Im Unterschied zu vielen anderen Chemotherapeutika hat Capecitabin den Vorteil, dass das Medikament seine Wirkung gezielt in den Tumorzellen entfaltet. Gesunde Zellen werden daher durch die Therapie weniger beeinträchtigt. Capecitabin wird nicht als Infusion verabreicht, sondern kann im Rahmen einer oralen Chemotherapie als Tablette eingenommen werden. Capecitabin ist eine inaktive Vorstufe von 5-FU, die über die Darmwand in den Körper gelangt. Körpereigene Enzyme verarbeiten diese inaktive Form von 5-FU in drei Schritten weiter. Im letzten Schritt aktiviert das Enzym Thymidinphosphorylase den Wirkstoff – ein Enzym, das vor allem in Krebszellen vorkommt. Gesunde Zellen werden dadurch kaum in Mitleidenschaft gezogen. Viele der Nebenwirkungen einer Chemotherapie entstehen daher erst gar nicht (z.B. Haarausfall) oder treten seltener auf (z.B. Durchfall, Erbrechen, Entzündungen der Mundschleimhaut).
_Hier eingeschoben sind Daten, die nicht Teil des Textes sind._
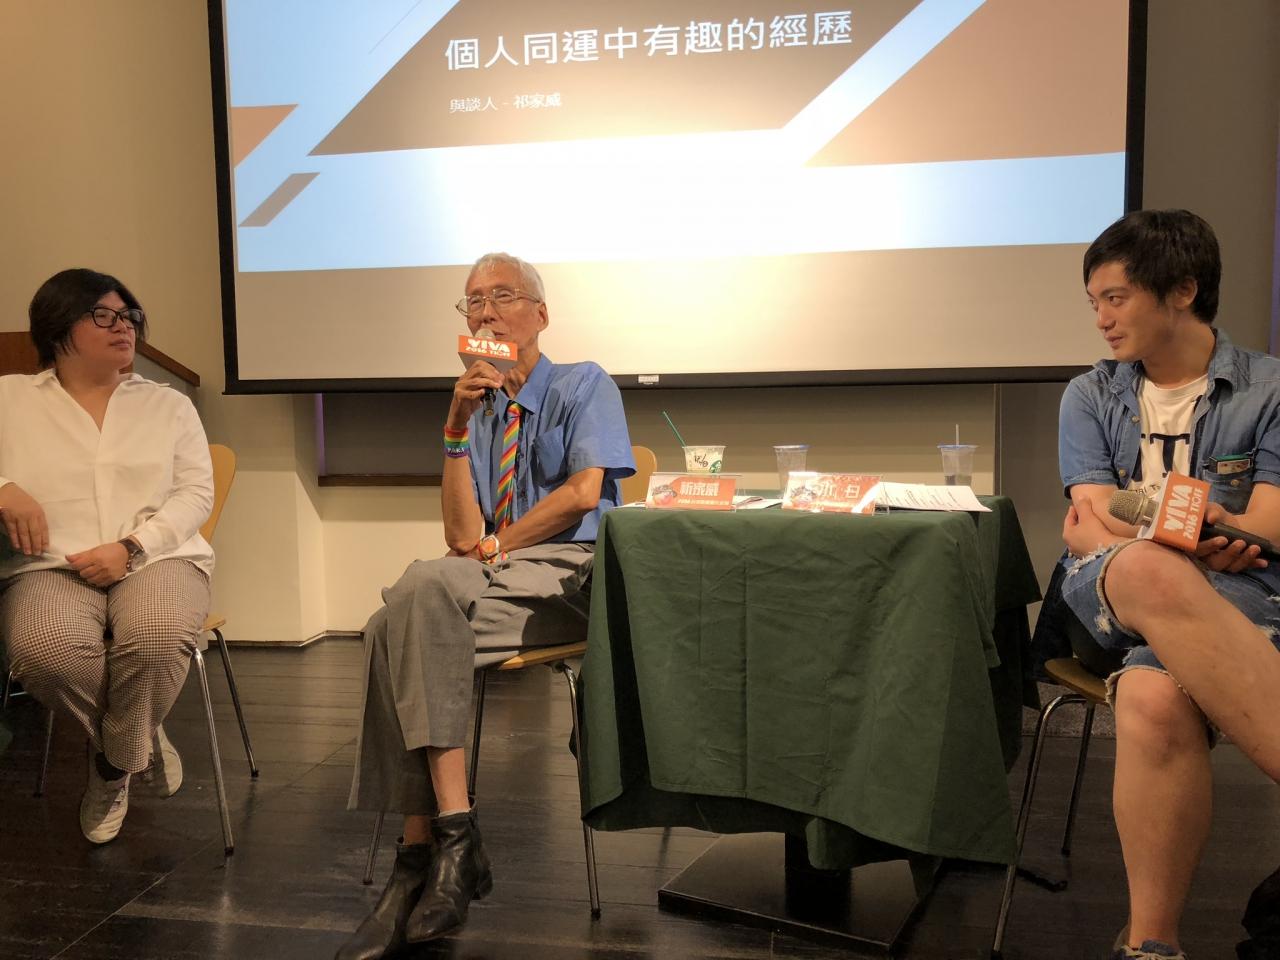 酷儿影展邀请祁家威(中)与同游总召小白(右)对谈。(摄影:王颢中)

Mit der Kombination von 5-FU und den neuen Medikamenten werden deutlich gesteigerte Therapieerfolge bei Darmkrebs erzielt. Auch in fortgeschrittenen Darmkrebs-Stadien können so deutlich verlängerte Überlebensraten bei verbesserter Lebensqualität erreicht werden, teilweise mehrere Jahre gegenüber wenigen Monaten ohne Behandlung. 5-FU ist auch in Tablettenform verfügbar. Im Vergleich zu seiner Gabe als Infusion sind die Tabletten verträglicher und die Therapie ist angenehmer und einfacher.
Die in der Chemotherapie bei Darmkrebs eingesetzten, stark wirksamen Medikamente bringen auch einige unerwünschte Begleiterscheinungen mit sich. Hierzu gehören zum Beispiel Appetitlosigkeit, Durchfall und Haarausfall. Die Häufigkeit und die Ausprägung dieser Nebenwirkungen haben allerdings mit dem Einsatz der neuen Wirkstoffe und moderner Behandlungsprotokolle abgenommen. Zudem kann man die unerwünschten Wirkungen in der Regel gut medikamentös behandeln. Nach Beendigung der Chemotherapie beziehungsweise im Verlauf der Behandlung klingen die Nebenwirkungen meist schnell wieder ab.